● **Work instructions**: In the listing below, locate the line containing "Comprilan Compression Bandage" and the line containing "be styled Low-rise-Jeans". Output both of them and every line between, exactly as written, and nothing more.

● **The records**:
◇ ◇ ◇

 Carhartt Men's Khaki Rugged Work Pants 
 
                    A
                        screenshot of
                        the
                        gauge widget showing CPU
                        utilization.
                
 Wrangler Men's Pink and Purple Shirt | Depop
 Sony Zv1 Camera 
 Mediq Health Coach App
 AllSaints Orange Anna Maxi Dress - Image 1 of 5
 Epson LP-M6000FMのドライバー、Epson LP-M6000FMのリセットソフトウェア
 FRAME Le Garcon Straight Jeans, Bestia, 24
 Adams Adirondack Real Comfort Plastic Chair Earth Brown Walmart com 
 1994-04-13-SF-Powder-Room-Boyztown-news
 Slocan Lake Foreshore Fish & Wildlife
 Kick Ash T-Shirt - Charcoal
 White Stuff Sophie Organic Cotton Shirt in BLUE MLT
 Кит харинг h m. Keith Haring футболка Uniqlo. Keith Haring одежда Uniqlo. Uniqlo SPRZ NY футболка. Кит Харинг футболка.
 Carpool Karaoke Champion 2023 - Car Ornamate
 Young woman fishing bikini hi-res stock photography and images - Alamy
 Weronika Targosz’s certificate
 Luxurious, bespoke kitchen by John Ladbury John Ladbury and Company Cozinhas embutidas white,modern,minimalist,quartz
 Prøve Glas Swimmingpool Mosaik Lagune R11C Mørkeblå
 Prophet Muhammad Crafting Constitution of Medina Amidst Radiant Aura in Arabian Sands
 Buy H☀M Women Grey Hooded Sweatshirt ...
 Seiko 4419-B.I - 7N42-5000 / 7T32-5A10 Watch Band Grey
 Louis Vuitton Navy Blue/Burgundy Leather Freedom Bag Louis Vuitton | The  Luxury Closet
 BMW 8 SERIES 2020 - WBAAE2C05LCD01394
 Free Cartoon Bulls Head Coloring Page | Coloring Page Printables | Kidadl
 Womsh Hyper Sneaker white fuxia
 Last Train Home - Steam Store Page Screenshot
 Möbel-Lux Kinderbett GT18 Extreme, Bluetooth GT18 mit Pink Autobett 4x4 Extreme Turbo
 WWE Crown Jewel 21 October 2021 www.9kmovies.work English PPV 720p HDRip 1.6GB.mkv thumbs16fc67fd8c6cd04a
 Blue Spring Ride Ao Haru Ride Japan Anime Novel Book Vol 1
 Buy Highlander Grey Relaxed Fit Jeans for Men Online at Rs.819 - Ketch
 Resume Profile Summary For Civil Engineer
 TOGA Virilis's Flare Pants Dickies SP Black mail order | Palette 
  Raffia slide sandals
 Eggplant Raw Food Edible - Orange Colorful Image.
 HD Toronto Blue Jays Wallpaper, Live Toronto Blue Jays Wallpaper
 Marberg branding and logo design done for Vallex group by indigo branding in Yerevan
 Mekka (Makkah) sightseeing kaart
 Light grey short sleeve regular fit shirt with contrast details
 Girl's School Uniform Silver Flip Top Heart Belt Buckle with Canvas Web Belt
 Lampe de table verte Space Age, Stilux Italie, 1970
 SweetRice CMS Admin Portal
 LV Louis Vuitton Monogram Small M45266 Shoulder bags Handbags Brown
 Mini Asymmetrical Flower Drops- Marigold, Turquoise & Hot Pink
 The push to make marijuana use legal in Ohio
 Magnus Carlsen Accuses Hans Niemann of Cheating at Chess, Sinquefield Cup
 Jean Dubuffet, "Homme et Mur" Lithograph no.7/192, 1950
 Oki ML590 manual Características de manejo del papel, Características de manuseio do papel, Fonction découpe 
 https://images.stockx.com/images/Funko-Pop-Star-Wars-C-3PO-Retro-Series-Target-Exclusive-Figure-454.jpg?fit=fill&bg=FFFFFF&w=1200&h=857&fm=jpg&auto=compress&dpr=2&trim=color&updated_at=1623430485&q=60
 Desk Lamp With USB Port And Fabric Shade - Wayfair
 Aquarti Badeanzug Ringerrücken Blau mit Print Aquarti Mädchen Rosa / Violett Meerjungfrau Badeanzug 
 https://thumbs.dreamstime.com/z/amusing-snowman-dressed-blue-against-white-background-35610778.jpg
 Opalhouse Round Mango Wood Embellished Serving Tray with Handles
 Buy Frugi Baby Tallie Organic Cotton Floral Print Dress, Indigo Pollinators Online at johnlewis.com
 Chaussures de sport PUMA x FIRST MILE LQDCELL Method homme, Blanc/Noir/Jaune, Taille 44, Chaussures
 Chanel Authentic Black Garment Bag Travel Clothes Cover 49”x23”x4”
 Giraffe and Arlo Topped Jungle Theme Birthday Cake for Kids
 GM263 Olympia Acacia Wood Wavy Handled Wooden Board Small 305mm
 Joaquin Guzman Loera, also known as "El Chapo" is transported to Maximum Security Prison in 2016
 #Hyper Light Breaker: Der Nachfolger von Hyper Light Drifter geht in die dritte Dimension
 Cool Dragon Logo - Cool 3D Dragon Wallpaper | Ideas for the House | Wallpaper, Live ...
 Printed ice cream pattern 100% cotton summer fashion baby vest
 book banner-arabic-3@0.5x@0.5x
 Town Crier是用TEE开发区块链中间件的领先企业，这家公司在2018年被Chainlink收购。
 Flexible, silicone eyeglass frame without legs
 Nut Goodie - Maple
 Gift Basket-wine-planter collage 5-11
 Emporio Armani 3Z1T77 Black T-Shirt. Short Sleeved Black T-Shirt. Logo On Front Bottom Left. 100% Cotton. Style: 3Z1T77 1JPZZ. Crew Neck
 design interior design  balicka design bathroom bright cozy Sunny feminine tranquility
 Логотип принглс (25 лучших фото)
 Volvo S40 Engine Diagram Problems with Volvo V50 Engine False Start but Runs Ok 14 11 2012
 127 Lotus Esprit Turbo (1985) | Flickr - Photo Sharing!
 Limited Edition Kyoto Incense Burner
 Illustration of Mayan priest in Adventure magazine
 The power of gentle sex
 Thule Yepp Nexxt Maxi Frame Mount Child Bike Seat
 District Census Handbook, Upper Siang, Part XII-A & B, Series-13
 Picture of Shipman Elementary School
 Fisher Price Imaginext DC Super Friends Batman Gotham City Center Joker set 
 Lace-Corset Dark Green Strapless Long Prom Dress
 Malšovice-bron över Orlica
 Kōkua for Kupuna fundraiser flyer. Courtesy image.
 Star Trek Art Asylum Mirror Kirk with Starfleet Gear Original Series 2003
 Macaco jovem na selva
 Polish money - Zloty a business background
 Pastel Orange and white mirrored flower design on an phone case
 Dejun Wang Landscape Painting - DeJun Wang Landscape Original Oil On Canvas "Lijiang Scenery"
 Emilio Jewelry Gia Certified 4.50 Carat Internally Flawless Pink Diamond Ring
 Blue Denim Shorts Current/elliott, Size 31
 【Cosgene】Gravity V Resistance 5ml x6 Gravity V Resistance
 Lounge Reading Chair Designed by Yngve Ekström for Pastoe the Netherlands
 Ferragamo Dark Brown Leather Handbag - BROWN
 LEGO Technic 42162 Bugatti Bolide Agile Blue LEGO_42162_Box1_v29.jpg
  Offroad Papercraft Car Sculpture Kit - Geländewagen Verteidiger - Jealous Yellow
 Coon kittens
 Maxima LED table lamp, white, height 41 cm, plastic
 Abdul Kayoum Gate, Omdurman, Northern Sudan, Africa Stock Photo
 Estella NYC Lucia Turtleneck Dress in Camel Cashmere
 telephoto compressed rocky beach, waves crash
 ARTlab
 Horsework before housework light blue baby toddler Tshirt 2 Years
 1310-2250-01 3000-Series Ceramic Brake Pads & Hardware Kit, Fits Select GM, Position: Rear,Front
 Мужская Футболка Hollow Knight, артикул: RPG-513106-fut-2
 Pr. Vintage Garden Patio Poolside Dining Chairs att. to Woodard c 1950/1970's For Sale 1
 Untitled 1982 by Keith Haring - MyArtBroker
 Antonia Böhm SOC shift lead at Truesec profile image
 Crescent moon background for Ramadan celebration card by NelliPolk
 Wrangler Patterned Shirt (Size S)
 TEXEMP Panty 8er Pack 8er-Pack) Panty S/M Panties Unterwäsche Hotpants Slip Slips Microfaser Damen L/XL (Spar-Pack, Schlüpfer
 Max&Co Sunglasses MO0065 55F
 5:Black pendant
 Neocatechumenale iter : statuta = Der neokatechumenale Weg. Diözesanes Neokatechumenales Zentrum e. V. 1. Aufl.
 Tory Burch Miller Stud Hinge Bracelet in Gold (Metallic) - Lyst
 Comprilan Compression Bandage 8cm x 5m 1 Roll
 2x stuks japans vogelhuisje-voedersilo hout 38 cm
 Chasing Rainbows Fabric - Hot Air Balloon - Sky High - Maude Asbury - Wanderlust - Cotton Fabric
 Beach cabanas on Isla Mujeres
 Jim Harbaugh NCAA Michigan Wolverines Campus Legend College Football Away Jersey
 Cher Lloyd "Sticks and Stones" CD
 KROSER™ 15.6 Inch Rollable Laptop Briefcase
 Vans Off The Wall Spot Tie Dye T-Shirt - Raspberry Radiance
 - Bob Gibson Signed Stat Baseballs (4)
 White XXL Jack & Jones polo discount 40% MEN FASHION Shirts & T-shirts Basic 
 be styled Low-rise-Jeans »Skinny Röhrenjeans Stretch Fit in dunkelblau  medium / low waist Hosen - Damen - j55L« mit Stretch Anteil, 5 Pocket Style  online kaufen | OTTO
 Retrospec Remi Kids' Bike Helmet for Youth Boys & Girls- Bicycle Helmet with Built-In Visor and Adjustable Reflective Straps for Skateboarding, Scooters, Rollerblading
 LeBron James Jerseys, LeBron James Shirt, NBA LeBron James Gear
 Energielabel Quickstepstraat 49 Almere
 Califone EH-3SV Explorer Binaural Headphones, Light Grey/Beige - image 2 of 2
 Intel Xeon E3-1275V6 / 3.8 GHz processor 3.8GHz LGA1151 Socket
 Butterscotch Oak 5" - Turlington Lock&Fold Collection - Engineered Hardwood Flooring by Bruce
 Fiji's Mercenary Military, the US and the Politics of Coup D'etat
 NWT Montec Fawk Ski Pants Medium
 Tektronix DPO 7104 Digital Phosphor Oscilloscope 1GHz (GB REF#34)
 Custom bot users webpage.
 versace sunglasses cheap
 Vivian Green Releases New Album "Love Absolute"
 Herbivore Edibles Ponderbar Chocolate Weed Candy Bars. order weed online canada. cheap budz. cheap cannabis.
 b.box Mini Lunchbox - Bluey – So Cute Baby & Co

◇ ◇ ◇

● **Response**:
 Comprilan Compression Bandage 8cm x 5m 1 Roll
 2x stuks japans vogelhuisje-voedersilo hout 38 cm
 Chasing Rainbows Fabric - Hot Air Balloon - Sky High - Maude Asbury - Wanderlust - Cotton Fabric
 Beach cabanas on Isla Mujeres
 Jim Harbaugh NCAA Michigan Wolverines Campus Legend College Football Away Jersey
 Cher Lloyd "Sticks and Stones" CD
 KROSER™ 15.6 Inch Rollable Laptop Briefcase
 Vans Off The Wall Spot Tie Dye T-Shirt - Raspberry Radiance
 - Bob Gibson Signed Stat Baseballs (4)
 White XXL Jack & Jones polo discount 40% MEN FASHION Shirts & T-shirts Basic 
 be styled Low-rise-Jeans »Skinny Röhrenjeans Stretch Fit in dunkelblau  medium / low waist Hosen - Damen - j55L« mit Stretch Anteil, 5 Pocket Style  online kaufen | OTTO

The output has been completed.